I LOVE dogs.  Over the years–up until 2012–I had many wonderful dogs in my every day life.  Since then, in the absence of having my own dog, I know and love many dog friends.  Bella was a Golden Retriever I raised from a puppy in Alaska and she traveled home to Seattle with me, then to Portland for three years, and back to Seattle.  She had a wry sense of humor and was beautiful.  I remember in Alaska she would hold court with the other dogs in the vicinity and I used to tell her she was the “Bella of the Ball,” awaiting visits from “gentlemen (in) collars.”  She also shared my affinity for leopard-print:

Milo was a handsome, senior white Lab who was picked up in downtown Seattle as a stray.  I have a friend who volunteers at the Seattle Humane Society and she told me to go there and see him right after he’d been brought in.  I did, and I put first dibs on him.  Five days later, he was home with me.  I only had him for three years but I’m grateful for that time.  He loved to swim, run and play with his dog friends.  The picture below of Milo swimming at Seattle’s Magnuson Park captures the feeling I have when I’m creating jewelry: absolute joy.

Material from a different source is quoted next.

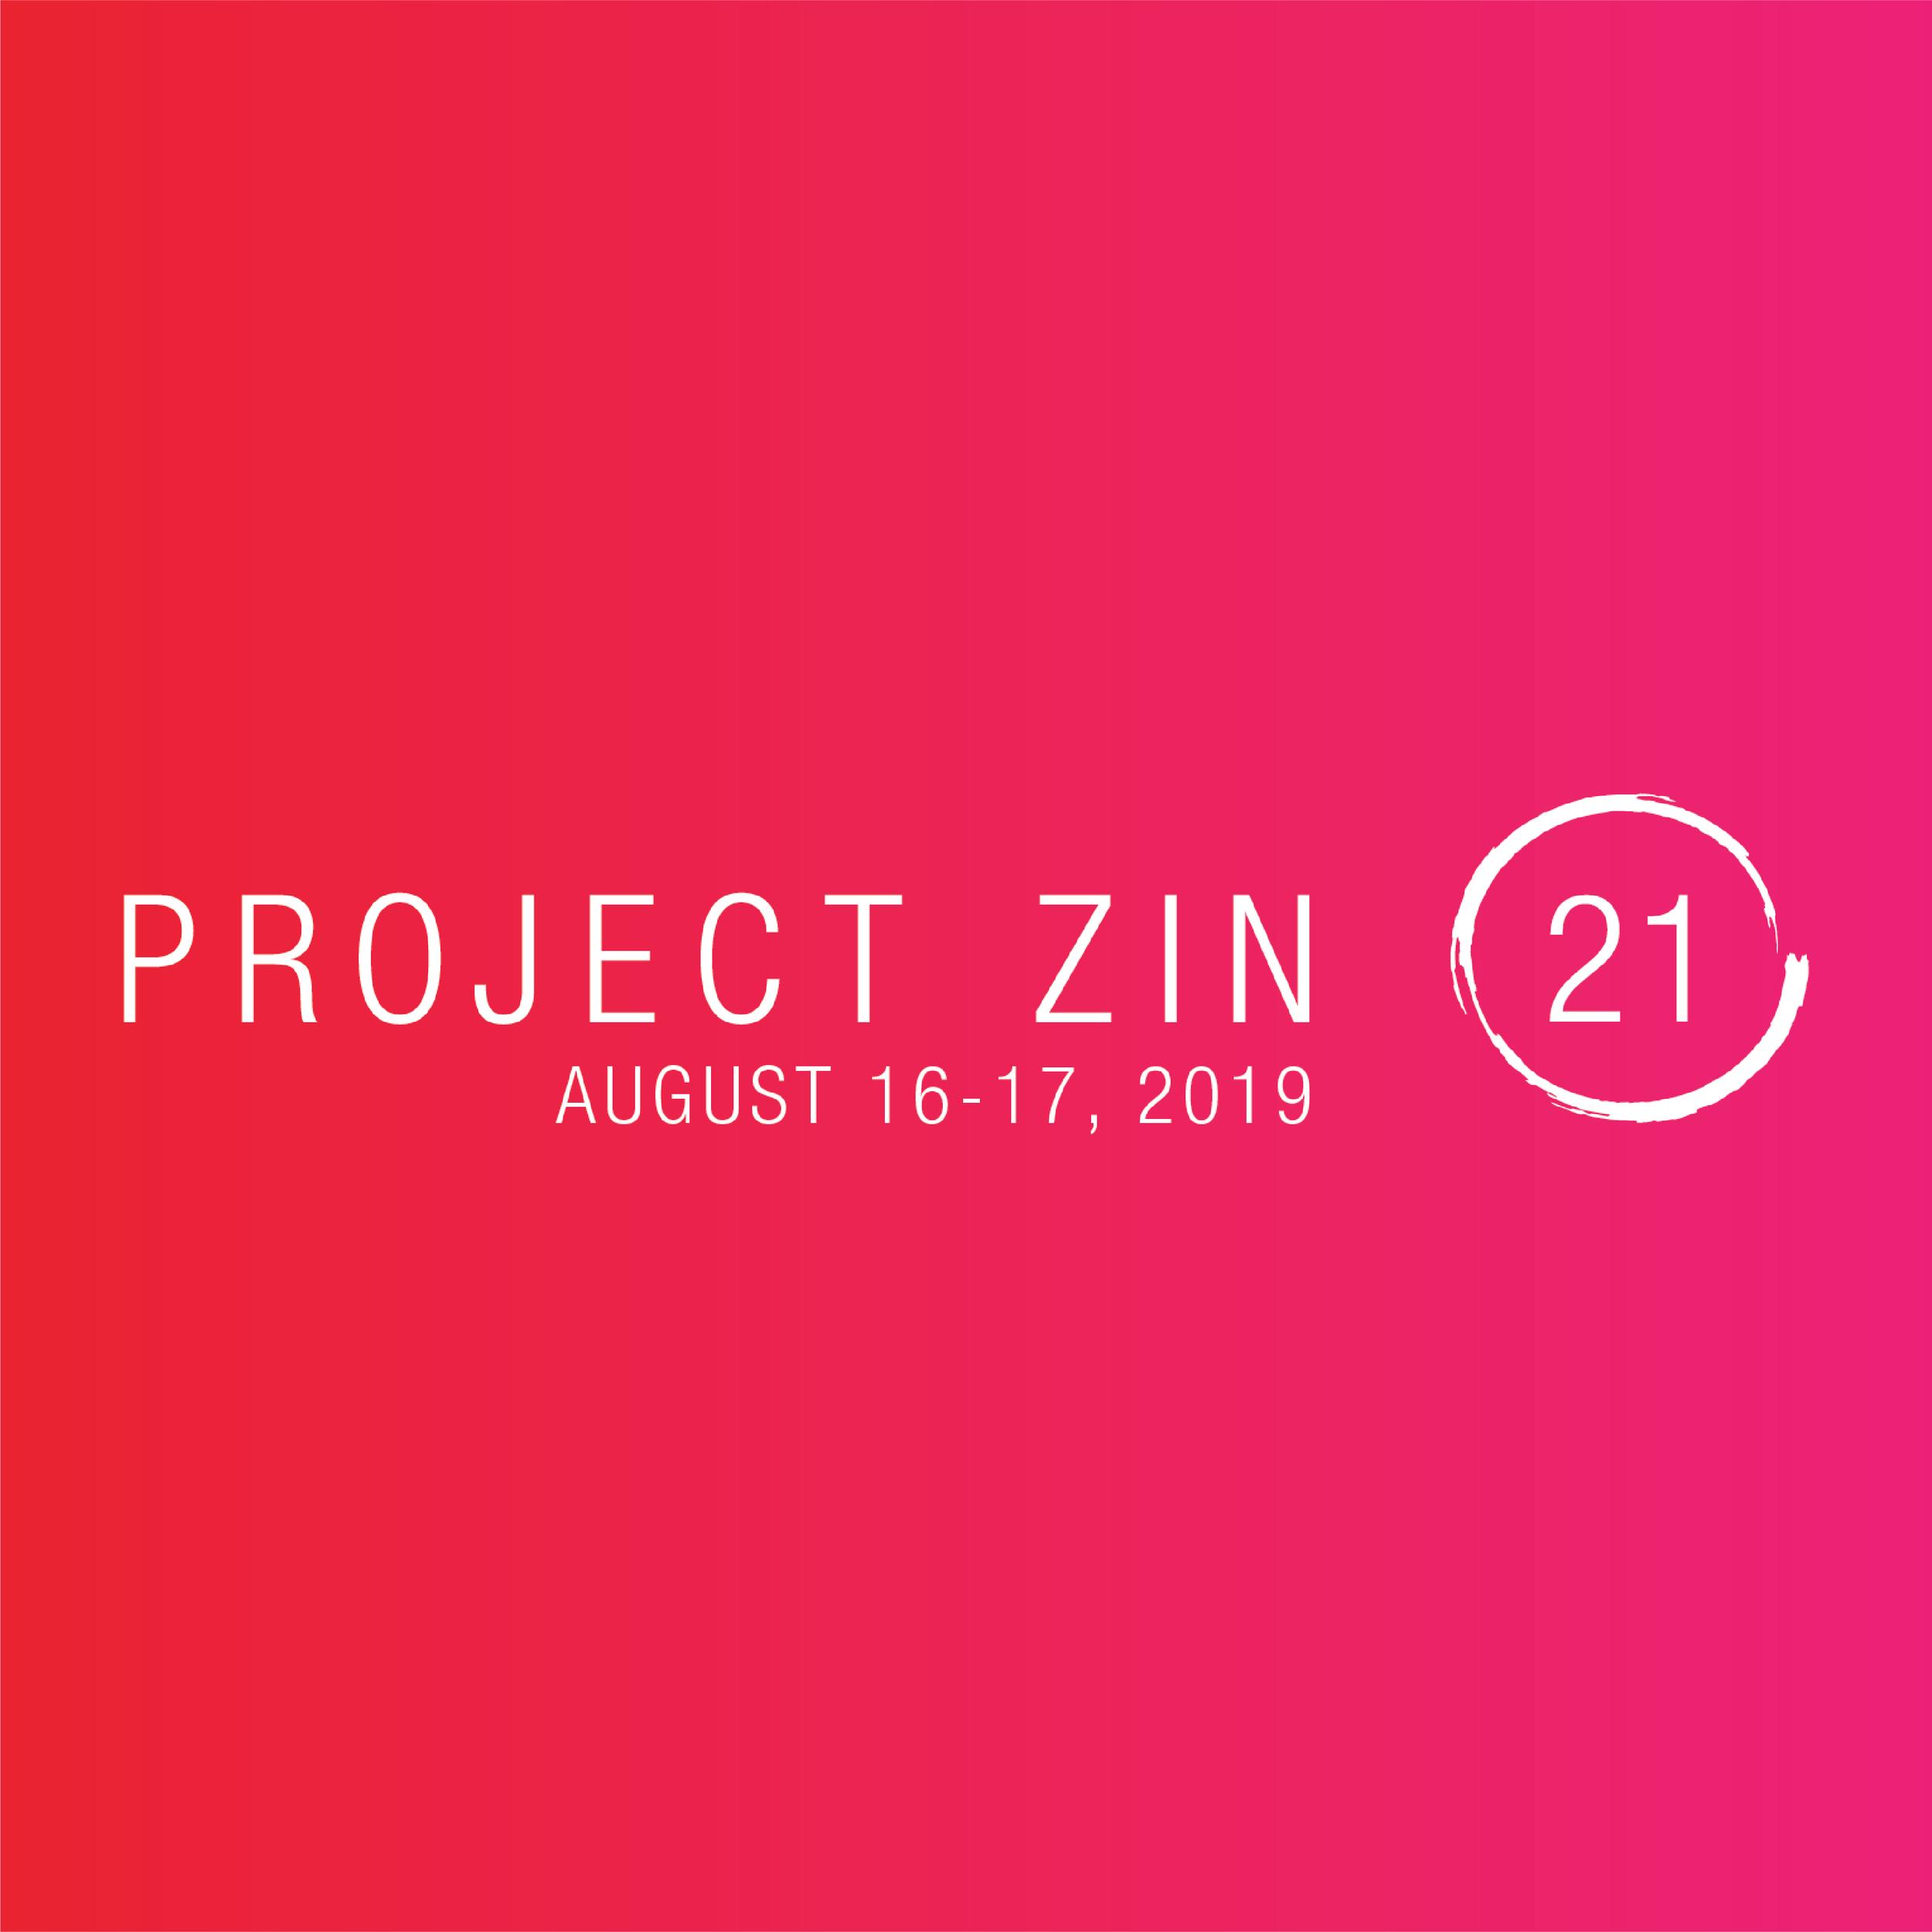 Project Zin Hotel Healdsburg August 17, 2019 6:30 PM - 9:30 PM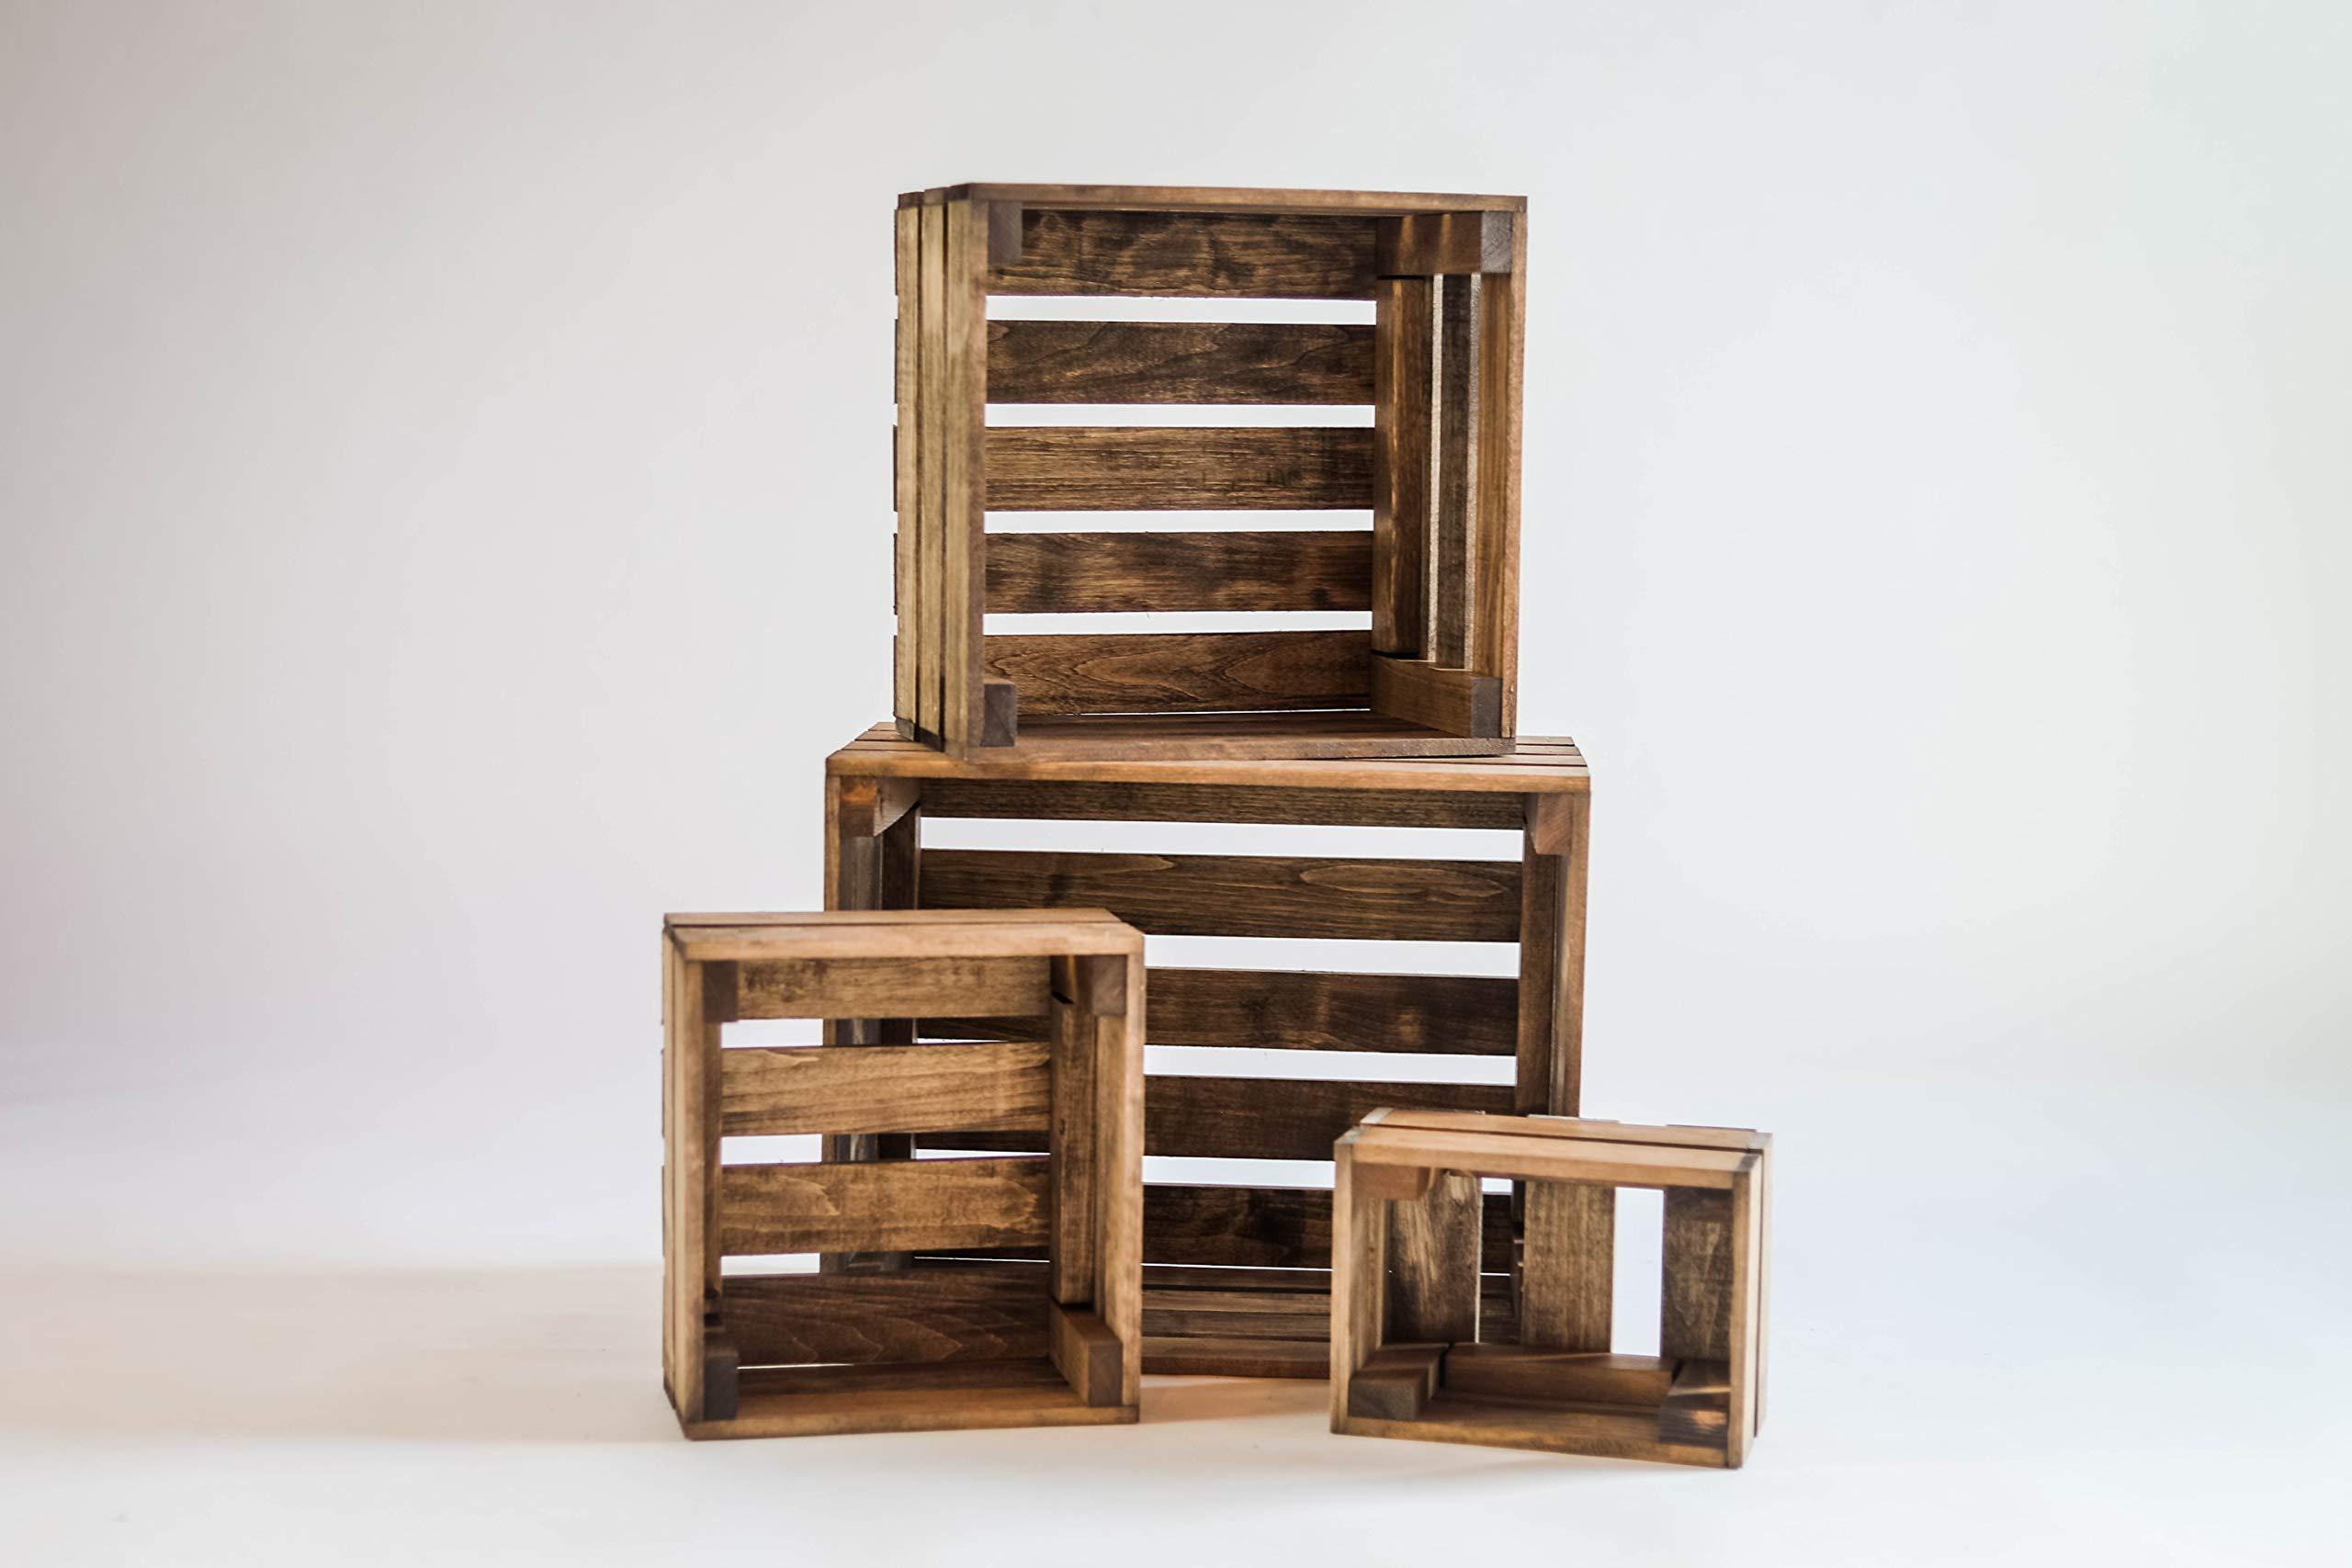 Darla'Studio 66 Wooden Nesting Boxes/Wood Crates by Darla'Studio 66

Jolly is a goofy, yellow Lab that Milo and I met on our walks in my old neighborhood in Sunset Hills.  Over the years, it’s been a pleasure to take care of him when his family is away.  Jolly is aptly named: he’s extremely genial, funny, and a real love (what Lab isn’t?).  What swimming was to Milo, eating is to Jolly.  Chewing a bone rocks his world, and that’s what making jewelry does for me.